See which features are more valued by the model.

In [29]:
# Feature importance

# Sort indices of the features by their importance 
ind = np.argsort(np.abs(vaex_model.model.coef_))
# Sort the coefficients 
coef_ = np.abs(model.coef_[ind])
# Sort the features
features_ = np.array(features)[ind]

# Plot the feature importance
n_features = len(coef_)

plt.figure(figsize=(9, 8))
plt.barh(y=range(n_features), width=coef_)
plt.yticks(ticks=range(n_features), labels=features_)
plt.title('Feature importance', fontsize=16)
plt.xlabel('Coefficient value')
plt.show()

What about production?

We can make use of the fact that in vaex, a filtered DataFrame actually still contains all the data, plus an expression that defines which rows are filtered out and which are not. While in NumPy or Pandas you can only filter our more rows, in vaex you can actually get rows back by using the "or" operator in a filter.

The following is an example on how to you can do exactly this. We add a variable called "production" to the training DataFrame and set its value to False. Then we add an additional filter, which in this case is just the value of the variable. However, now we use "or", instead of the default "and" operator which is used when you do e.g. df3 = df2[df2.x<5]. The idea is simple: if this last filter is set to False, it will have no effect on any other filters since its mode of operation is "or". If it is set to True however, by modifying the "production" variable, it will invalidate all other filters, thus any data point can pass through.

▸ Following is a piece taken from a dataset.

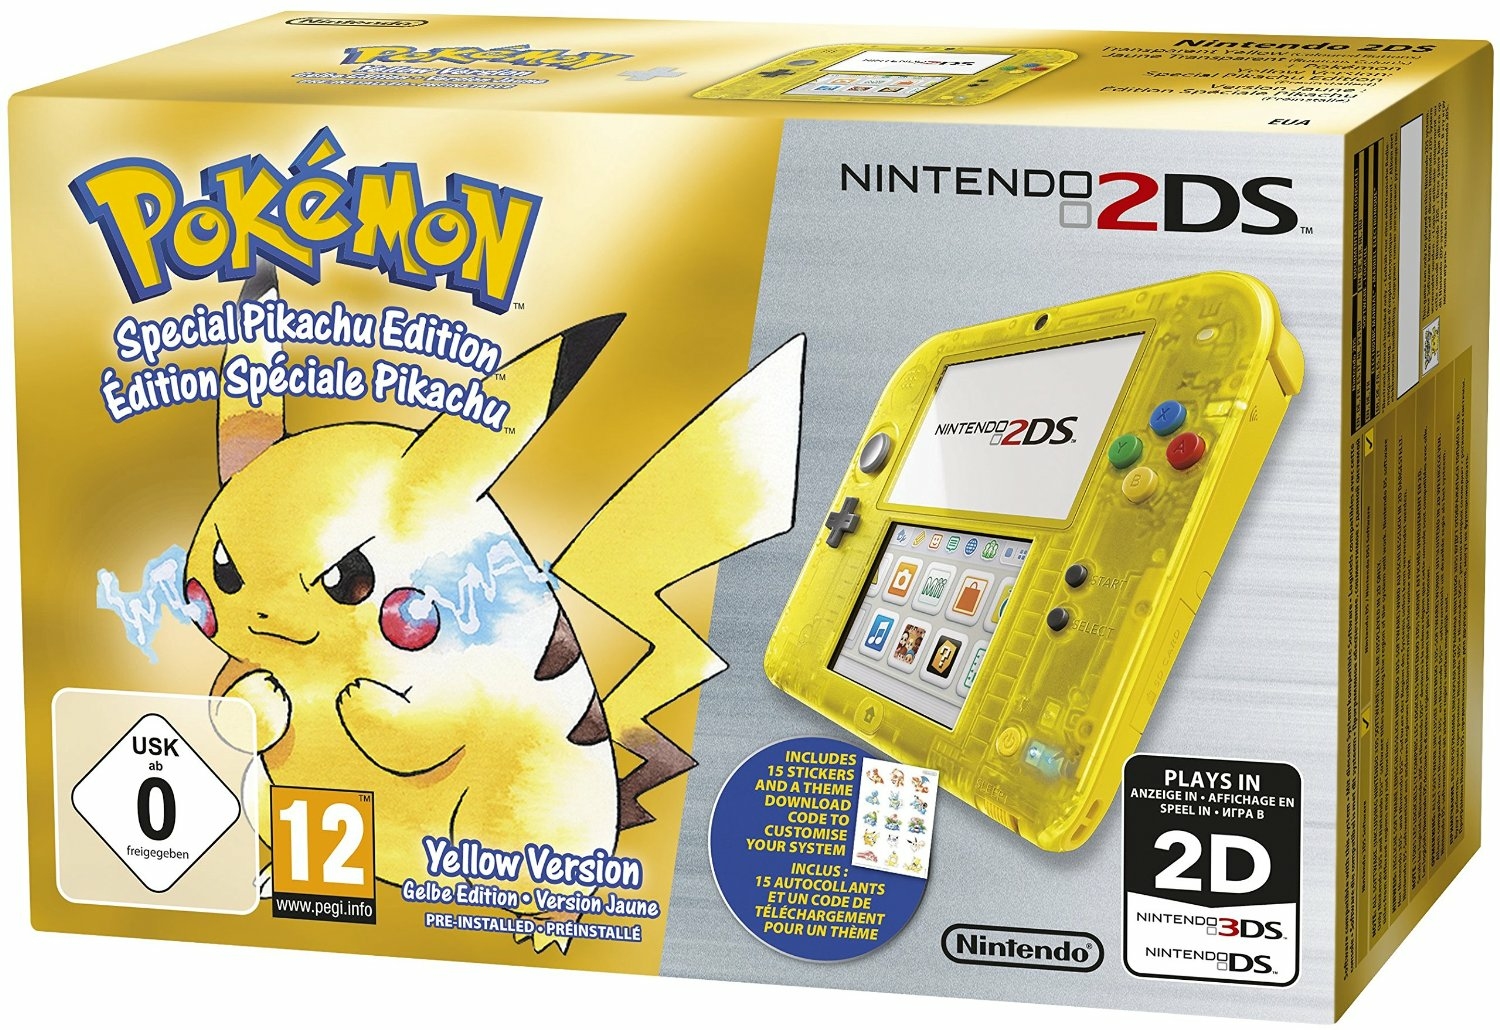 Nintendo купить в москве. Нинтендо 3дс приставка. Pokemon Pikachu Nintendo игровая приставка. Nintendo 2ds Pokemon Edition. Nintendo 2ds Yellow.

This shows another powerful feature of vaex: because even filtering is based on expressions, we can build a single flexible "pipeline", instead of multiple explicit pipelines, which are cumbersome to create.

In [30]:
# Add variable name production with its value set to False for the training set
df_train.add_variable('production', False)

# Add an additional filter
df_train = df_train.filter('production', mode='or')
In [31]:
# Again, get the latest state from the training dataset
state = df_train.state_get()
# Apply it to the test set
df_test_prod.state_set(state)
# Immediately change the "production" variable value to "True", before the filters are evaluated
df_test_prod.variables['production'] = True
# Check the length of the test DataFrame in this case
print(f'Number of samples in the test set in "production mode" is {len(df_test_prod):,}.')
Number of samples in the test set in "production mode" is 146,112,990.

Let check the mean absolute error of the test set in this case.

In [32]:
# Calculate the mean absolute error
test_mae_prod = df_test_prod.mean(np.abs(df_test_prod.pred_final - df_test_prod.trip_duration_min))

print(f'The mean absolute error of the test set in "production mode" is {test_mae_prod:.3} minuts.')
The mean absolute error of the test set in "production mode" is 13.3 minuts.

The mean absolute error is much worse in this case. This is expected, since in this case the model is predicting outcomes for cases it was not trained for.

By combining computing capabilities of vaex and the on-line models from scikit-learn, one can easily create and iterate over models that are trained on billions of samples in a very short amount of time, even on a laptop. The model created in this notebook is far from perfect, but with vaex you can efficiently and easily create new features, try different model parameters, and calculate various model diagnostics. How much can you improve on this result?